The former House staffer didn’t mention having to deal with any wild animals (political or otherwise) during his days working for the GOP leadership. But he struck up a rather interesting acquaintance after moving out west.
“My wife and I had our own pet fox, Junior, who visited our home in Colorado at least twice a day,” the Steamboat Springs resident told HOH.
“Junior,” Hofman explained, was never fully domesticated (continued living in the wild), but did grow quite comfortable with the family.
“He would walk up my driveway with me in getting our morning paper, sit at my feet on our front porch, and take food out of my hand. And, oh yes, entertain all our visitors, particularly those from the East who never saw a fox they didn’t run from,” Hofman said of the rapport they developed over time.
Out of that relationship were borne a few insights Hofman felt compelled to share with those interested in what makes the CHF tick:
- Eggs are irresistible: “You know the story of the fox and the hen house? All true. Put an uncooked egg on the ground and watch the fox, sharp teeth and all, bound away without cracking the shell,” he said.
- Foxes don’t attack unless they have no way out: “So don’t attempt to corner them,” Hofman warned.
- Foxes look best with their winter coats: “So don’t worry as the weather warms and they look like they haven’t eaten in weeks,” he said of seasonal shedding.
- They party all the time: “Despite all the literature about foxes sleeping during the day and roaming only at night, not so.

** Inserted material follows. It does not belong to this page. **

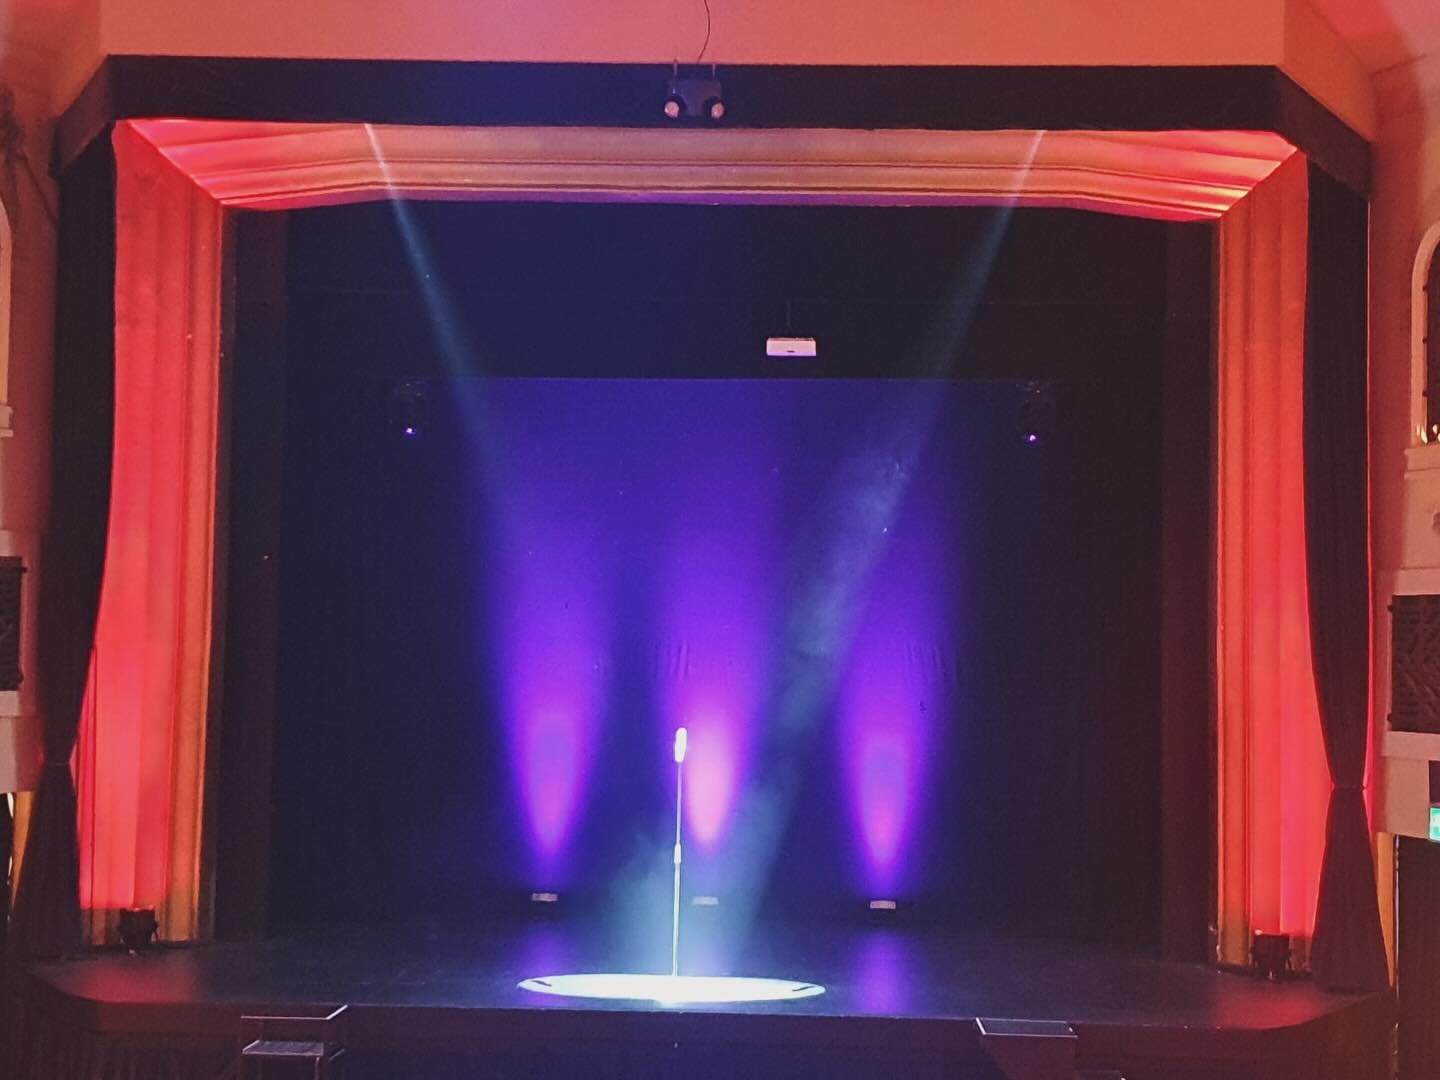 We&rsquo;re all set for @mrandyparsons show! 

#regaltenbury #regalcomedy #comedy #laughoutloud #andyparsons #whatsontenbury

Junior would come at noon if he wanted company,” Hofman asserted.
Moreover, Hofman expressed confidence that the CHF is, in fact, his old friend, come to see what all the fuss is about.
“I must tell you that Junior left us about two years ago,” he said of their last encounter on Mother’s Day 2012. “So by my calculation, having seen me read Roll Call on my deck, he finally reached his destination.”
Could Junior be masquerading as the CHF?
Hofman proposes a simple test.
“If I’m right, please tell your readers that Junior also loves peanut butter and jelly on hotdog buns,” he quipped.